Ensure the API endpoint URL is correct and accessible with your current credentials. You can test the endpoint using the Test button after configuring the URL. The endpoint URL should use the base URL and API version configured in your credential. Common Voyage AI endpoints include /{api_version}/embeddings for generating embeddings and /{api_version}/rerank for reranking documents.

Path to Data

Optional

If only a subset of the data that will be returned by API endpoint is needed, you can designate the part(s) of the response that should be included in the Nexset(s) produced from this source by specifying the path to the relevant data within the response. This is particularly useful when API responses contain metadata, pagination information, or other data that you don't need for your analysis.

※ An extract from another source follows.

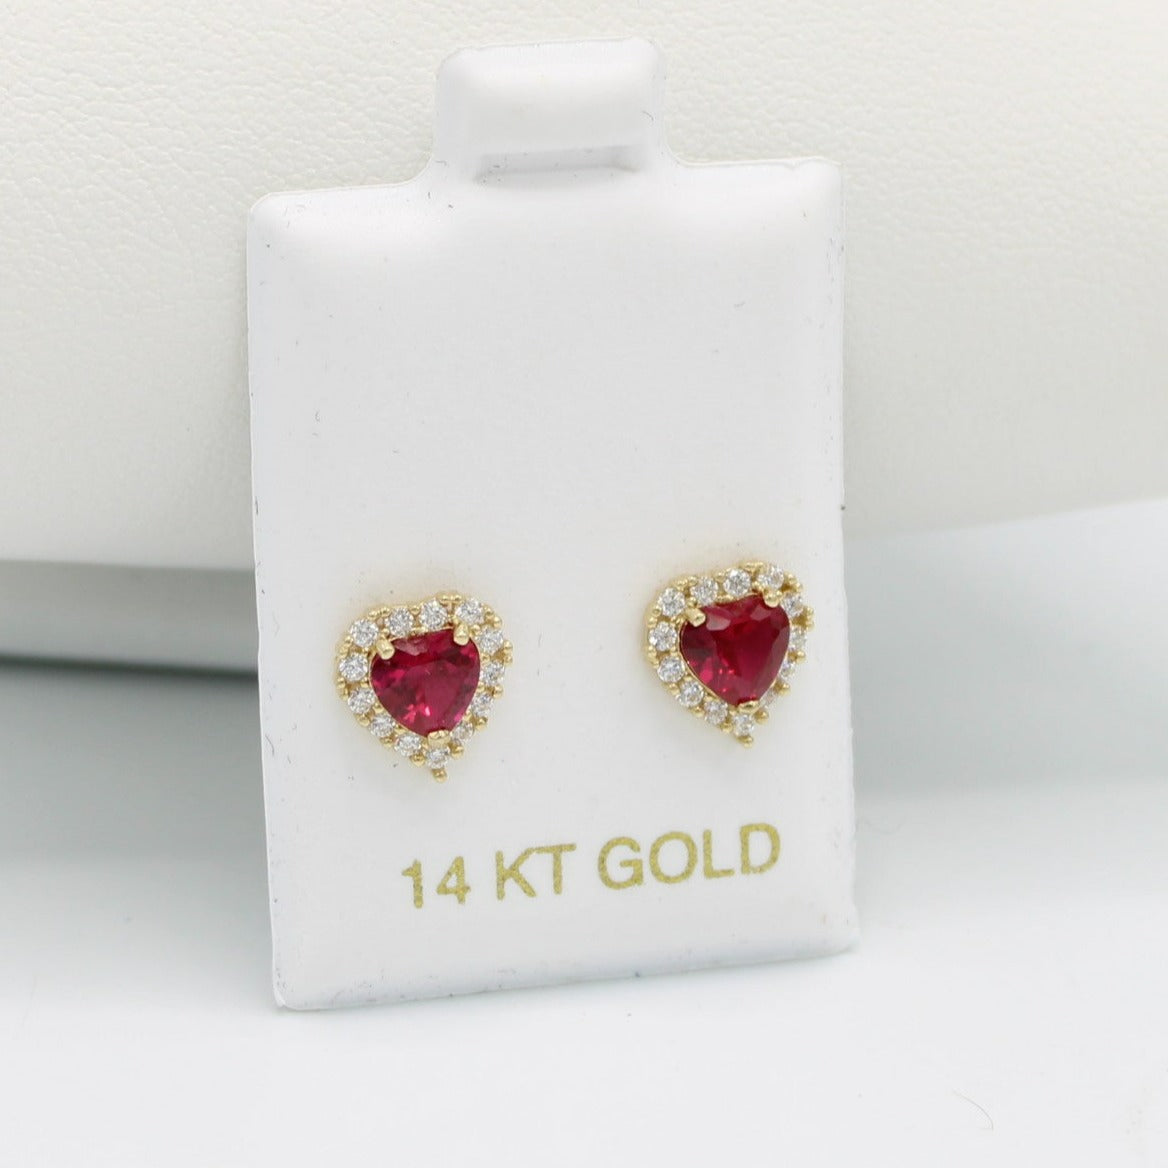 10k White Gold Stud Earrings – Children Earrings by Lovearing

Path to Data is essential when API responses have nested structures. Without specifying the correct path, Nexla might not be able to properly parse and organize your data into usable records. For Voyage AI API responses, common paths include $.data[*] for arrays of embeddings or reranked documents.

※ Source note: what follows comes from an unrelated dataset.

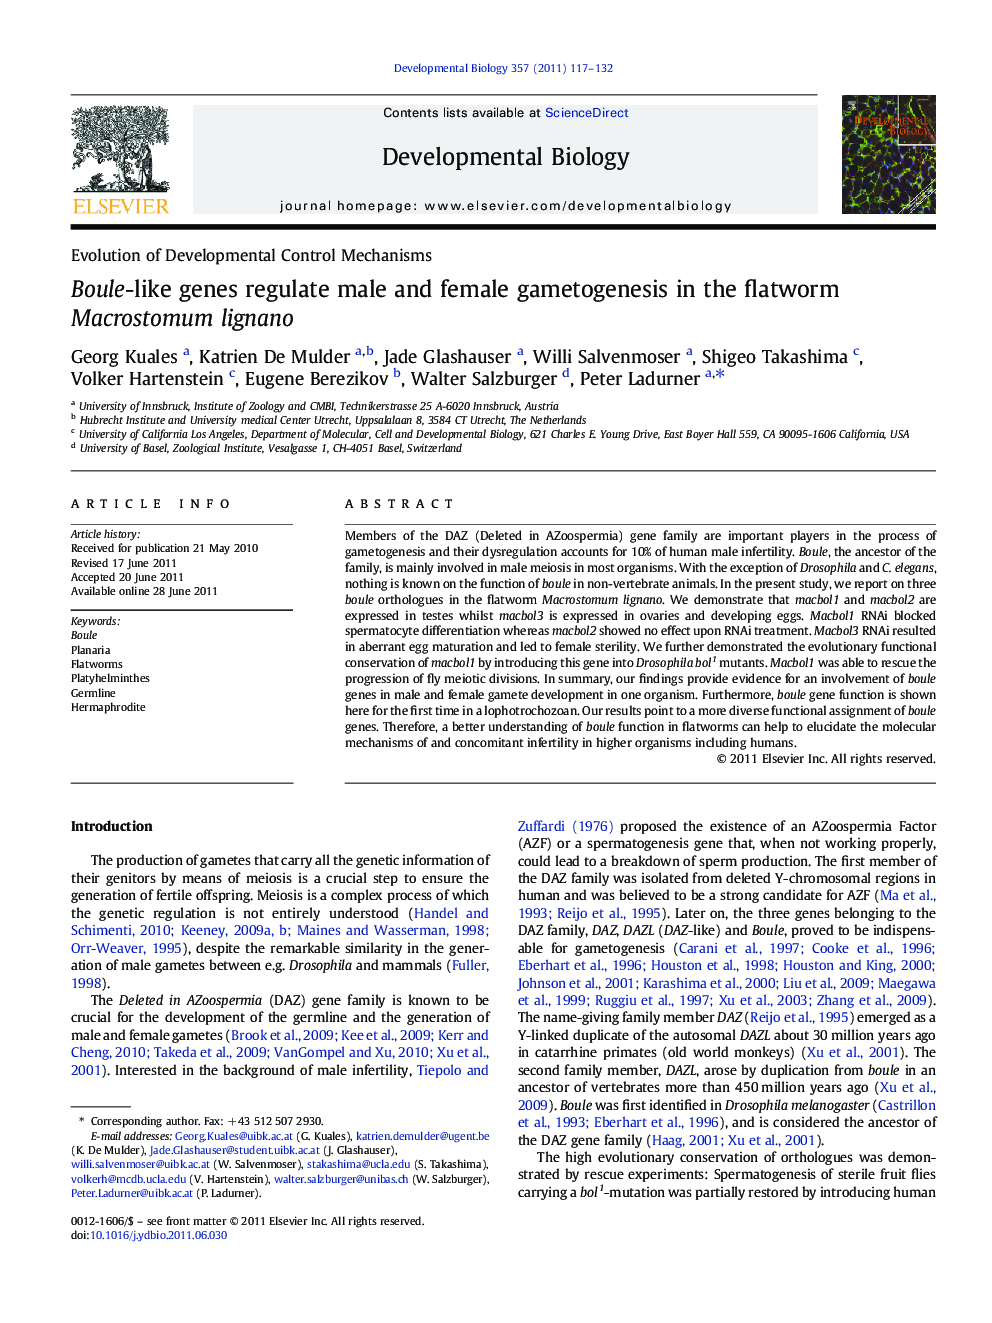 Boule-like genes regulate male and female gametogenesis in the flatworm Macrostomum lignano

  • To specify which data should be treated as relevant in responses from this source, enter the path to the relevant data in the Set Path to Data in Response field.

    • For responses in JSON format enter the JSON path that points to the object or array that should be treated as relevant data. JSON paths use dot notation (e.g., $.data to access the data array).

Request Headers

Optional
  • If Nexla should include any additional request headers in API calls to this source, enter the headers & corresponding values as comma-separated pairs in the Request Headers field (e.g., header1:value1,header2:value2). Additional headers are often required for API versioning, content type specifications, or custom authentication requirements.

    You do not need to include any headers already present in the credentials. Common headers like Authorization, Content-Type, and Accept are typically handled automatically by Nexla based on your credential configuration. For Voyage AI, the Authorization header with Bearer token is automatically included from your credential, and Content-Type is typically set to application/json for API requests.

Request Body

Optional
  • If the API endpoint requires a request body (which is common for POST requests to Voyage AI), enter the request body in the Request Body field. The request body should be formatted as JSON and include the necessary parameters for the embedding or reranking request, such as the input text, model, and other optional parameters.

    For Voyage AI embedding requests, the request body typically includes an input field (text or array of texts) and a model field (e.g., "voyage-3.5"). For reranking requests, the request body typically includes a query field, a documents array, and a model field. Refer to the Voyage AI API documentation for the complete list of supported parameters.

Endpoint Testing

After configuring all settings for the selected endpoint, Nexla can retrieve a sample of the data that will be fetched according to the current configuration. This allows users to verify that the source is configured correctly before saving.

  • To test the current endpoint configuration, click the Test button to the right of the endpoint selection menu. Sample data will be fetched & displayed in the Endpoint Test Result panel on the right.

  • If the sample data is not as expected, review the selected endpoint and associated settings, and make any necessary adjustments. Then, click the Test button again, and check the sample data to ensure that the correct information is displayed.

Save & Activate the Source

  1. Once all of the relevant steps in the above sections have been completed, click the Create button in the upper right corner of the screen to save and create the new Voyage AI data source. Nexla will now begin ingesting data from the configured endpoint and will organize any data that it finds into one or more Nexsets.